Cappella Sansevero – Immagine d’insieme – Wikipedia – Foto di David Sivyer rilasciata con licenza CC BY-SA 2.0

Giovan Francesco di Sangro, ristabilitosi da una malattia quasi mortale, decide di erigere “una picciola cappella” dedicata alla Vergine come adempimento di un voto fatto durante la malattia

Disinganno, Cappella Sansevero – Wikipedia – Foto di David Sivyer rilasciata con licenza CC BY-SA 2.0

Più di centocinquanta anni dopo, Raimondo di Sangro, principe di Sansevero, inizia grandi lavori di restauro e di ampliamento della Cappella. Raimondo era al tempo stesso Gentiluomo di Camera di Carlo di Borbone, Membro dell’Ordine dei Cavalieri di San Gennaro, Accademico della Crusca e Gran Maestro della Loggia Massonica. Inoltre giravano voci di sue propensioni per l’alchimia e l’esoterismo. Ed entra in scena Antonio Corradini, scultore veneto ultraottantenne, molto apprezzato in Italia e fuori, amico di Raimondo e massone pure lui. Attorno al 1750, nel poco tempo che gli resta, Corradini realizza i modelli in terracotta delle statue e degli apparati, tutto il progetto insomma, d’accordo con Raimondo. E qui c’è una cosa singolare: Raimondo vuole dedicare le prime sculture ai suoi genitori, che per ragioni diverse praticamente non aveva conosciuto. La madre, perchè morta giovanissima, ed il padre perché era partito per lunghi viaggi affidando il bambino ai familiari, ne aveva combinato tante, e si era poi ritirato in un monastero negli ultimi anni.

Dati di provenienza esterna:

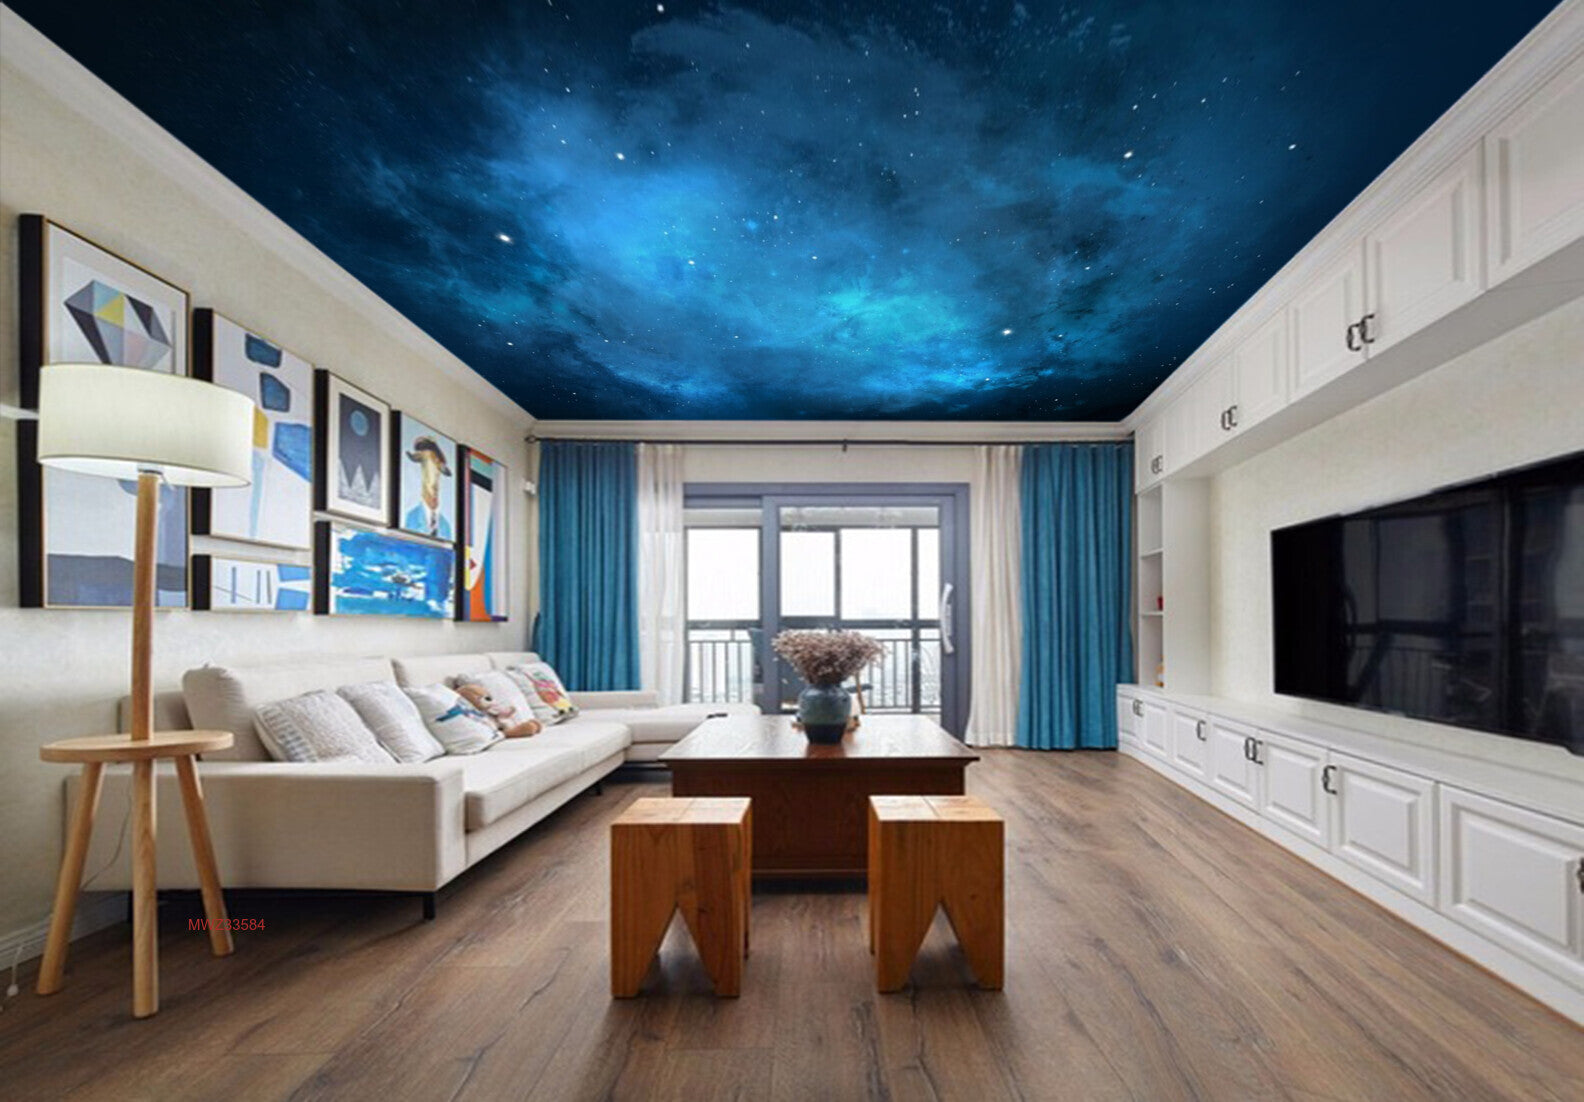 Avikalp MWZ3358 Space Blue Sky Stars HD Wallpaper for Ceiling

Così sono nate la Pudicizia, eseguita dal Corradini, ed il Disinganno, eseguito dal genovese Queirolo, su idea del Corradini. La Pudicizia ed il Disinganno sono opere straordinarie; l’una per come è reso nel marmo il velo che svela, l’altra per la rete degli inganni che avvolge il personaggio e da cui un genio alato lo sta liberando. Le due statue sono affiancate da lapidi: una, quella della madre, è volutamente spezzata. Ma la statua in assoluto più esaltata è quella del Cristo disteso e velato, eseguito da uno scultore napoletano: Giuseppe Sanmartino. Raimondo preferiva rivolgersi a scultori estranei a Napoli, e ciò dava fastidio all’ambiente artistico locale, sempre molto geloso: già nel ‘600 Guido Reni ed il Domenichino dovettero scappare da Napoli per le minacce ricevute per la commissione degli affreschi della cappella di San Gennaro. Ma in quegli anni, a Palazzo Sangro lavorava anche un medico palerminato: le due Macchine Anatomiche complete di vasi sanguigni e di dettagli di cui tacere è bello, sono conservate in una stanza non lontana: il popolo diceva che erano i corpi di due servitori trucidati da Raimondo. Viene in mente il delitto iniziale, quello del 1590. Dopo il 1766, in cui la Cappella fu aperta ai visitatori, qui capitò il Marchese de Sade, curioso di tutto ciò che avesse in sè qualcosa di diabolico.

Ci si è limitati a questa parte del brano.